Другое дело, что русскому большинству России нужна какая-то своя национальная форма представительства. Вот, скажем, татары или чеченцы могут обсуждать свои культурные и демографические проблемы в национальном парламенте, правительстве. А русские? Нам надо ждать, пока в Кремле почешутся и спросят: «Что это у нас русских все меньше становится? А русских с высшим образованием как-то и совсем уж мало? Что-то не то…» А если не зачешутся?

– Но не могли же тебя не выдвигать в патриотические лидеры!

– Ну да, не могли… Я помню, на съезде Союза писателей России – патриотического, которым Ганичев командует, – меня хотели секретарем выдвинуть. Но при обсуждении из зала вдруг стали выкрикивать: «Что ты нам тут про государственность рассказываешь? Ты же печатаешься в либерально-еврейских изданиях – в „МК“ и в „Комсомолке“!» Я ответил: «Какое вам дело, где я печатаюсь? Где хочу, там и буду!» И вышел из этого союза. Есть и еще одно обстоятельство. Я писатель с сатирическим взглядом на жизнь.

– Да, это с патриотизмом трудно сочетать, патриотизм – это же пафос…

– Да, почему-то считается, чувство юмора и ирония – признаки нерусского ума. Почему? Непонятно. Ведь гигантами сатиры в нашей литературе были Гоголь, Щедрин и Булгаков…

– Думаю, это связано с тем, что русские – молодой этнос, он думает, что надо делать серьезное лицо. А у древних народов – иначе.

– Во-первых, русские гораздо древнее, чем думают. В последние годы появилось много исследований на эту тему. Кстати, пропагандистом этих идей на страницах «ЛГ» выступает один из самых остроумных нынешних людей М. Задорнов.
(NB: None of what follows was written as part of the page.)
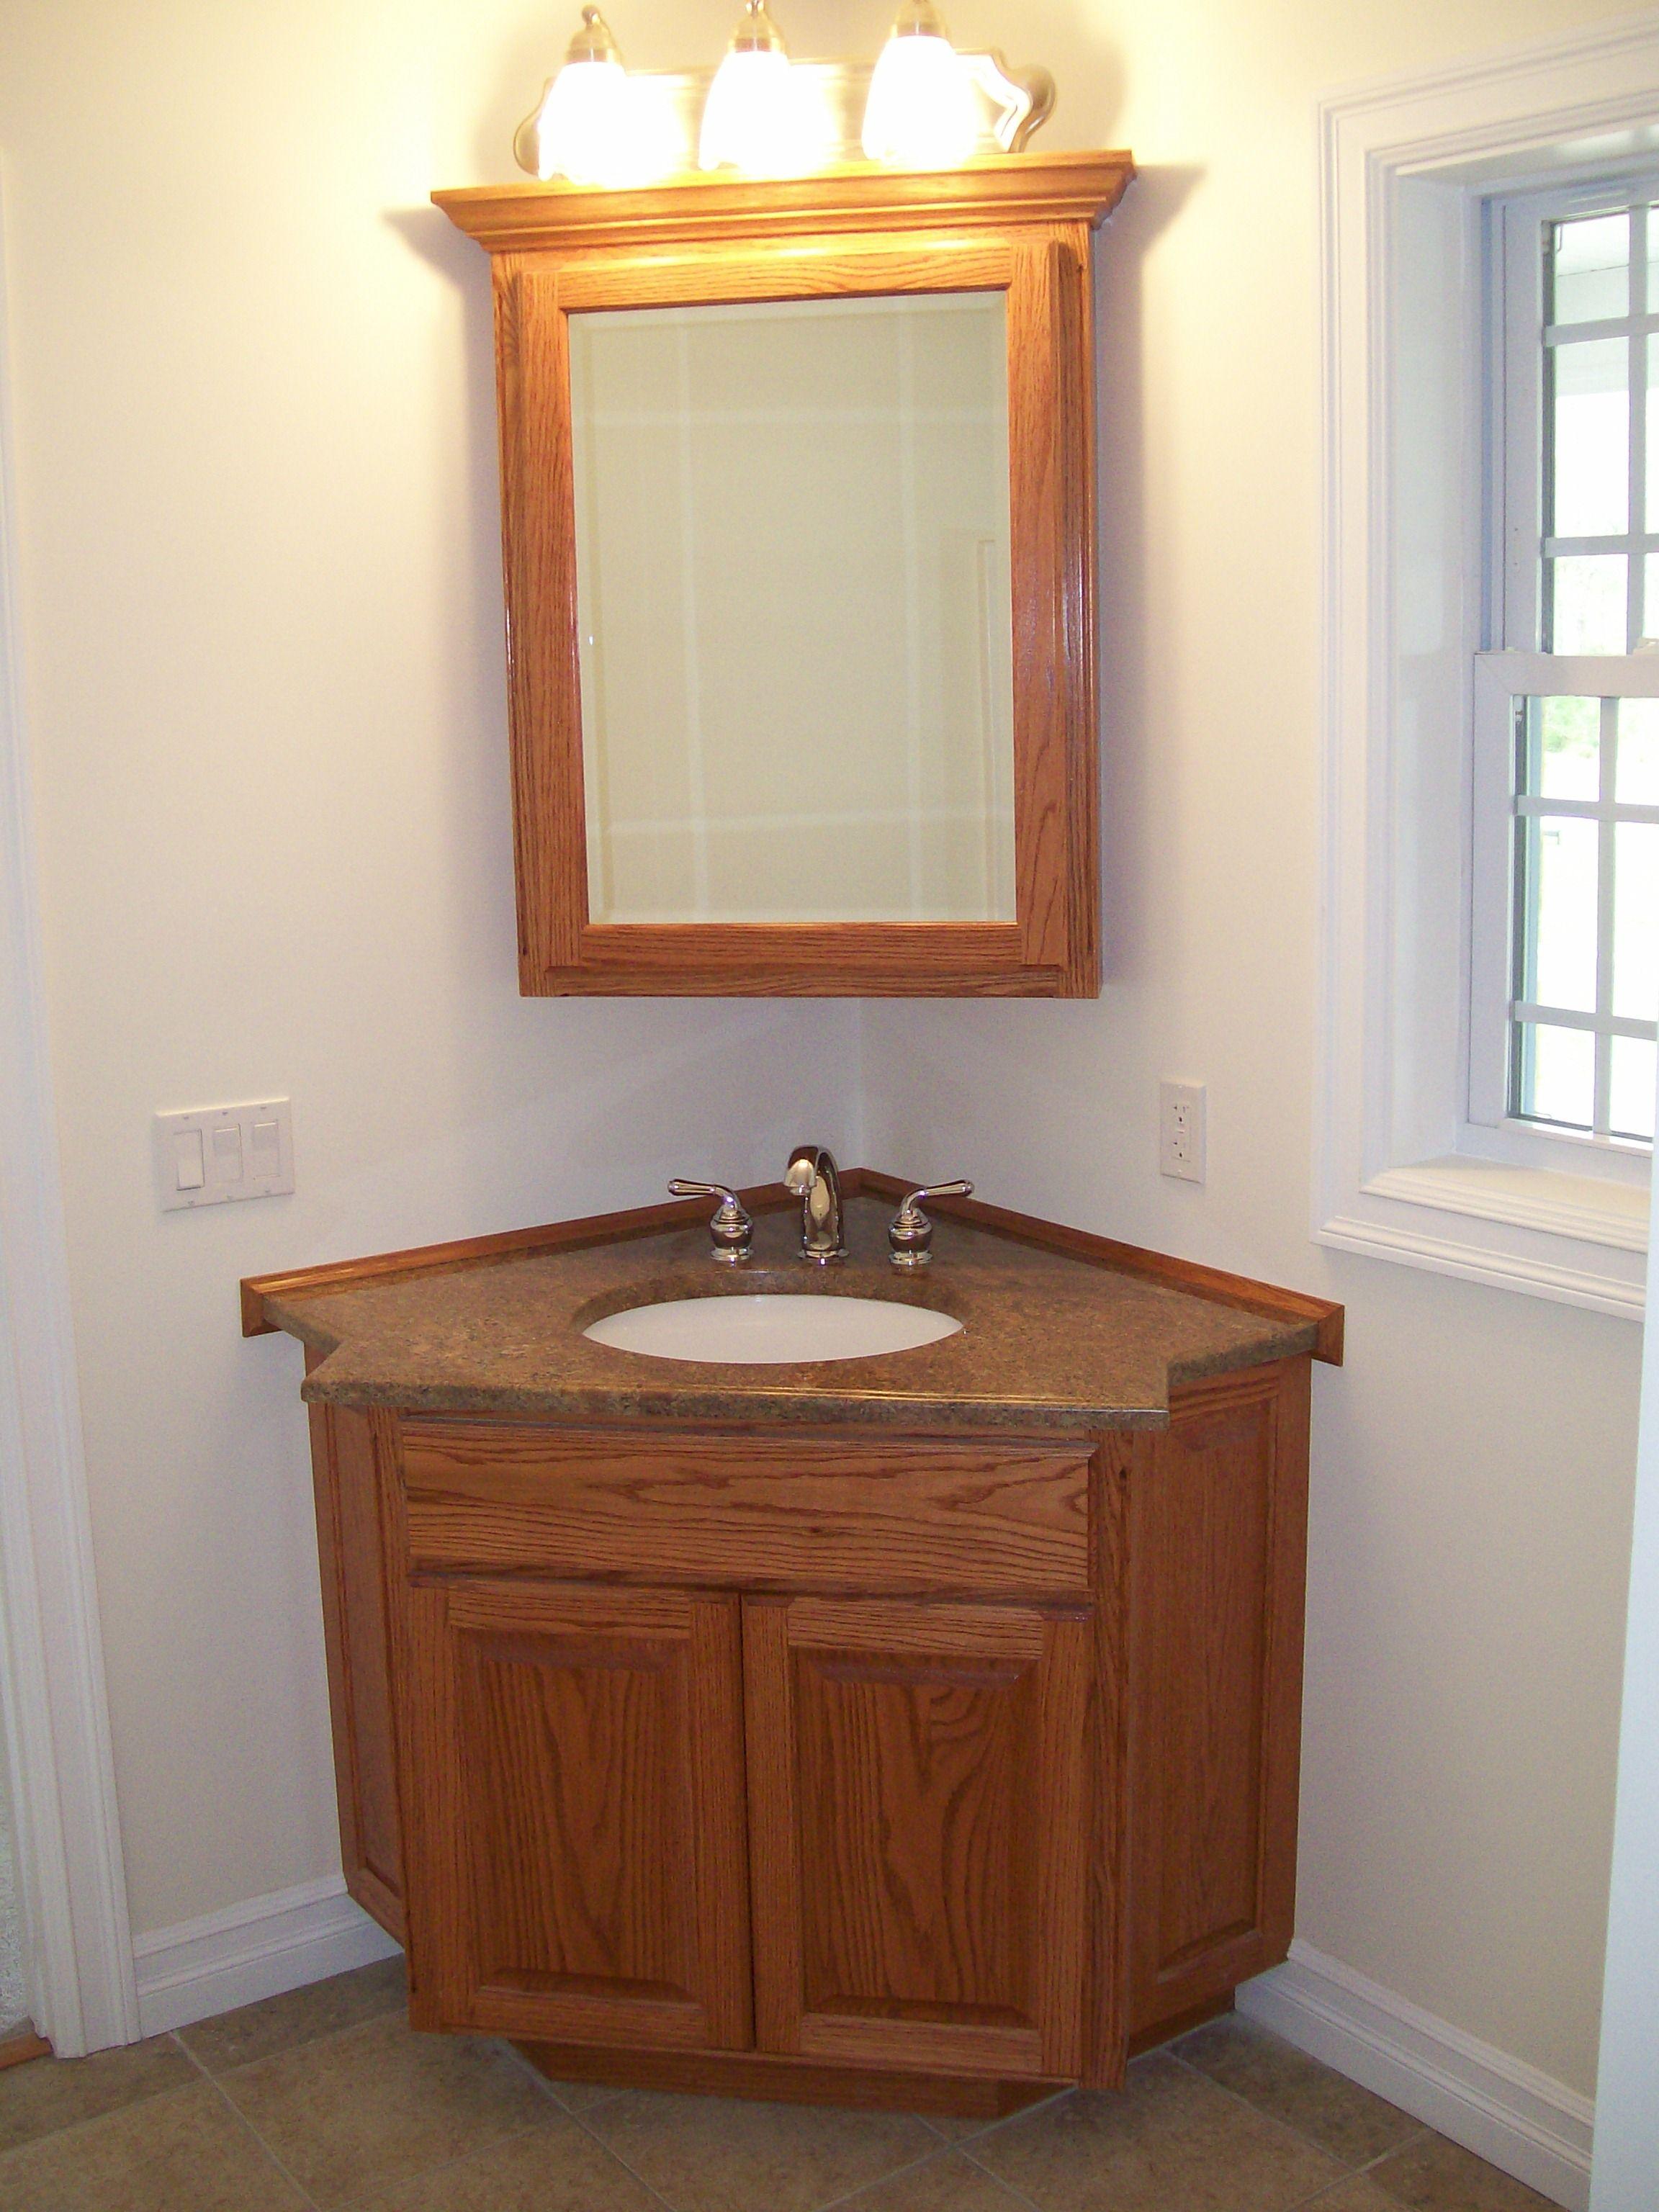 Corner Bathroom Medicine Cabinet Ideas Small Bathroom Vanities Corner Bathroom Vanity Corner Vanity

А во-вторых, взять, например, армян… Древний этнос, но чрезмерной иронии я у них не вижу… Твоя гипотеза хромает…

– «Армянское радио» и «Наша Раша», пожалуйста, вот тебе навскидку два примера замечательной иронии.

– Не уверен… «Армянское радио» придумывали всем миром… Так вот про иронию. В девяносто третьем году я выпустил повесть «Демгородок».

– А, это где олигархов ссылали в Сибирь?

– Вроде того… Мне за эту книжку навешали прилично. Сейчас, кстати, в театре имени Рубена Симонова поставили инсценировку «Демгородок», о том, как в современной России царь появился. Роскошный спектакль! Я вскоре после выхода повести дал ее почитать Распутину, это было в Переделкине, в Доме творчества. Он выходит на следующий день к ужину хмурый такой. «Не удалось полистать мою книжечку?» – спрашиваю. «Я прочитал, – говорит… – Сейчас народ так тяжело живет, такая колоссальная драма в стране – а вы в этой книжке смеетесь. Ну как можно смеяться в такое время?» Я говорю: «Валентин Григорьич, а как же Гоголь смеялся? А время его было тоже не самое лучезарное». «Но, Юра, вы же не Гоголь!» – ответил он. И на это мне возразить было нечего.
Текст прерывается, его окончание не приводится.